An Update on Hello Lamp Post
Ben Barker
21st June 2013
This week we’ve put up the holding page for Hello Lamp Post and as the counter tells you, we’re less than a month from launch. We thought it would be worth talking about what we’ve been up to and what we’ve been finding out.
Communication
One of our key challenges has been communcating the idea, both the mechanic and the sense of fun we hope it will bring to all types of player in Bristol. So as a recap here’s our most recent attempt at explaining the project.
Codes can be found around the city that are normally used to identify public objects for maintenance and monitoring. With Hello Lamp Post we use these codes as identifiers in a city wide network of objects. These codes allow you to either ‘wake up’ a sleeping object or learn what other people have been saying to one that is already awake. Will it be pleased to see you? Irritated at having been left in the rain? Or will it tell you a secret? Each exchange will last for a few messages and you will be encouraged to come back and talk to the object some more another day. The more you play, the more the hidden life of the city will be revealed. Objects might even start to get attached to you if you talk to them a lot.
Trailer
There is also a trailer that we hope gives people a sense of how the interaction will feel and what the cumulative effect of it will be.
Playtesting and the Mechanic
We don’t want to give too much away about the content, but a lot of our work has focused on the balance between giving the objects personality, and their responsibility to convey the personality of the people of Bristol. We started off building quite characterful objects with recognisable personalities, but we quickly realised that acting like a logic system is more honest to what they are, the personality comes from the people on the system.

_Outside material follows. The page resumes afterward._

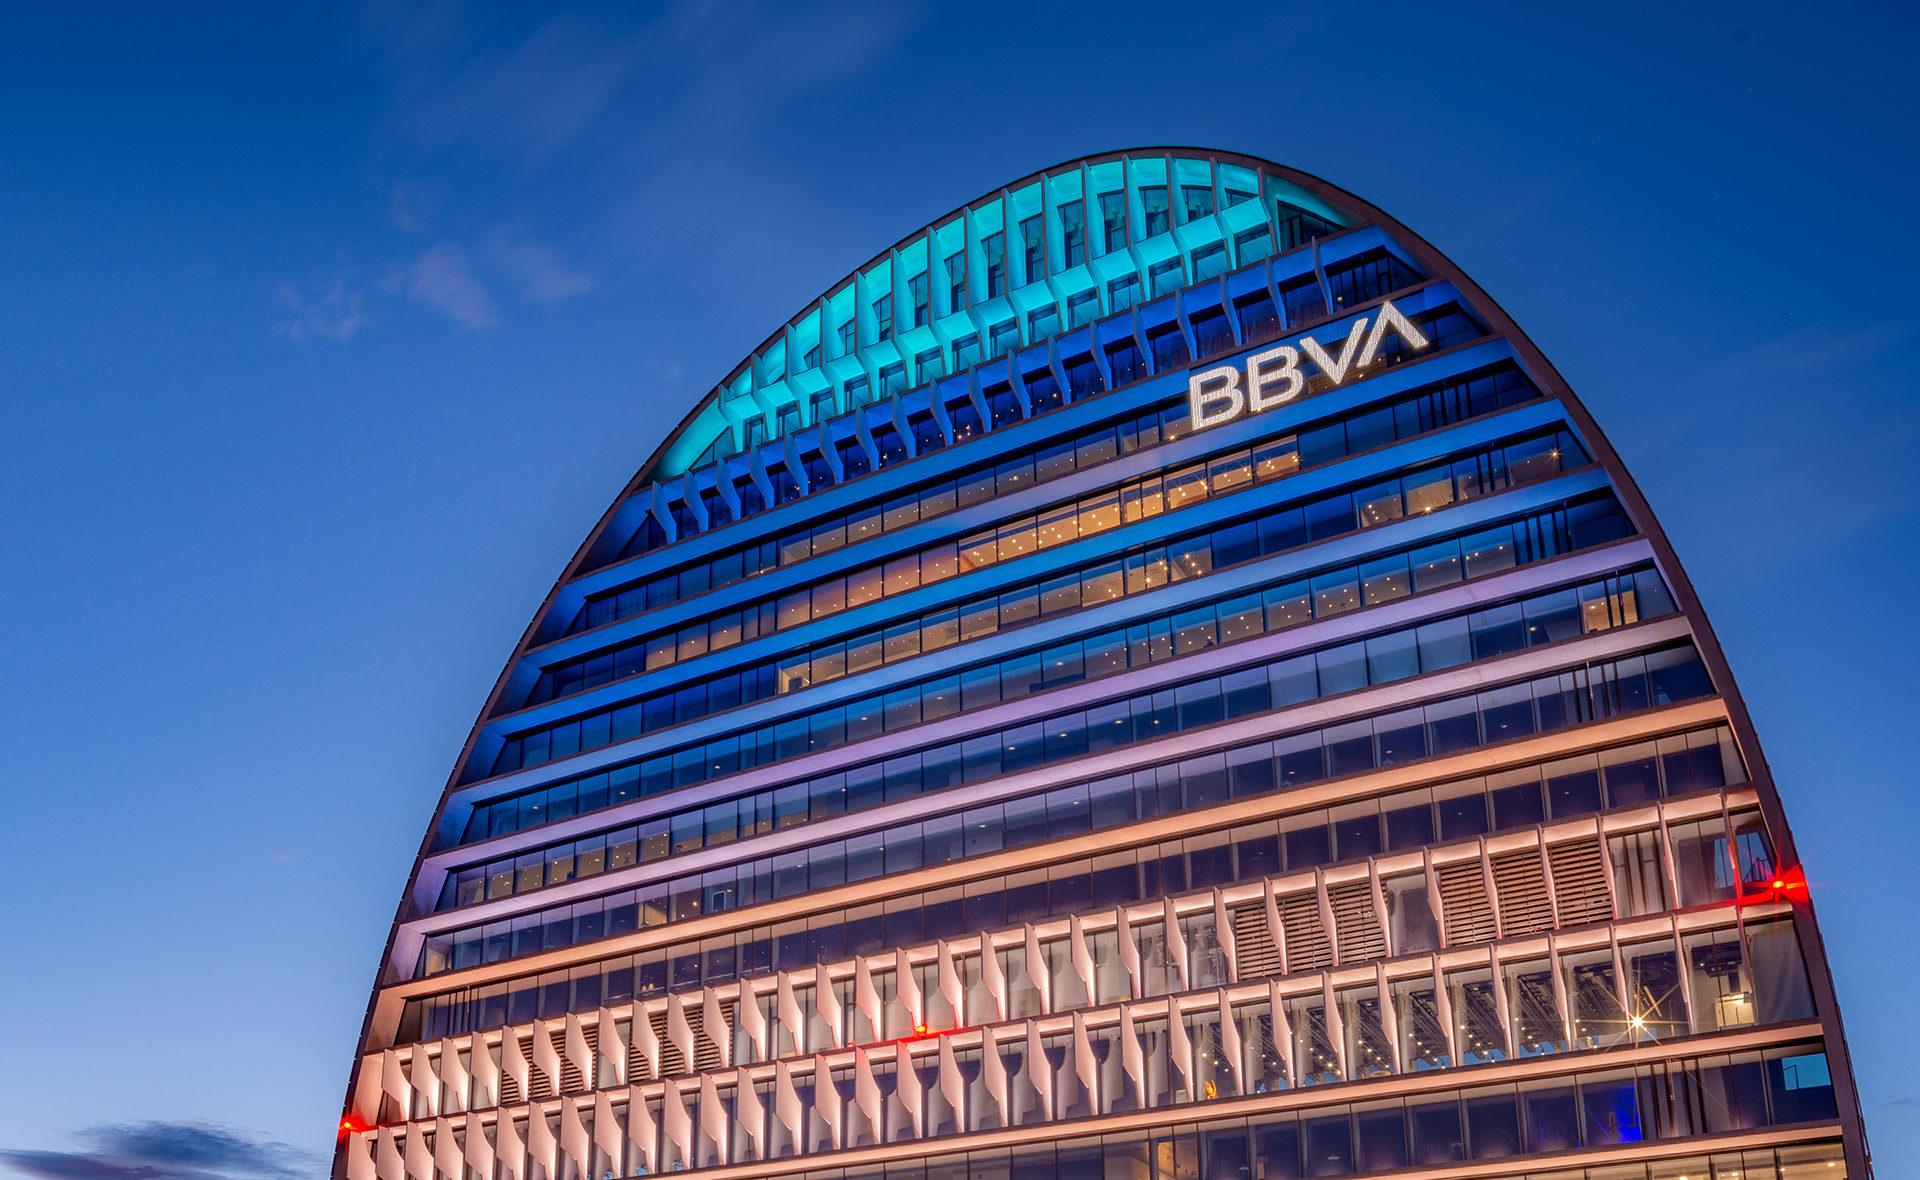 https://shareholdersandinvestors.bbva.com/wp-content/uploads/2020/07/BBVA-resultados-2T2020-v3-30072020-1920x1180.jpg

At an earlier playtest we explored the idea that people would speak to the whole of Bristol through the objects, not just the object they were stood in front of. Though this meant there was a lot more content to explore, the disconnect from place and narrative – one of the core aspects of our proposal – was lost and the players told us that. So on the second day of testing we moved back to the much more object-centric conversation which vastly improved the experience, though the cost is that people see less user content. Thanks to everyone who helped with playtests, we’ve learned a lot from your input.
At our most recent playtest we settled on mechanic that is mix of the both object specific content and ideas from other parts of the city, so we can facilitate a city wide communication as well as location specific ideas to emerge.
Tom expands on what this play testing does and our overall process:
It’s one of continual prototyping and slow evolution. We’ve always had the basic idea of what a conversation should feel like – but it’s turned out to be the details of the implementation that’s most important. So we’ll explore what a conversation might feel like first with pen and paper – drawing up flowcharts, sample dialogue – and once we have some logic laid out, we’ll code it up and see what it feels like when it’s in your hand, on a small screen – and see what all the edge cases we hadn’t thought about lead to! And then we’ll iterate on that.
We playtest it a lot: both with friends and colleagues in the studio, but also on site in Bristol. We’ve tried it with several groups down there over a number of visits, and it’s been really interesting to see how they’ve responded to it; each time we go back, the new improvements lead to even more useful feedback.
An Internet for Things
Another point that comes up a lot in discussion is around the Internet of Things. In someways this wasn’t a huge part of our thinking – the idea grew from a desire to record and encourage sharing of experience in the city. Yet as designers practicing today, we were inevitably influenced by the IoT (and for me a big part of my design education was with Alex and Tinker). Though the project arrives at a time when the IoT is being talked about more and more, the challenge with Hello Lamp Post has been almost an opposite. Rather than giving networks more human and tangible presence, our objects were already there, integrated into the city and with their own stories, our challenge was to create a playful, human network for them to live on.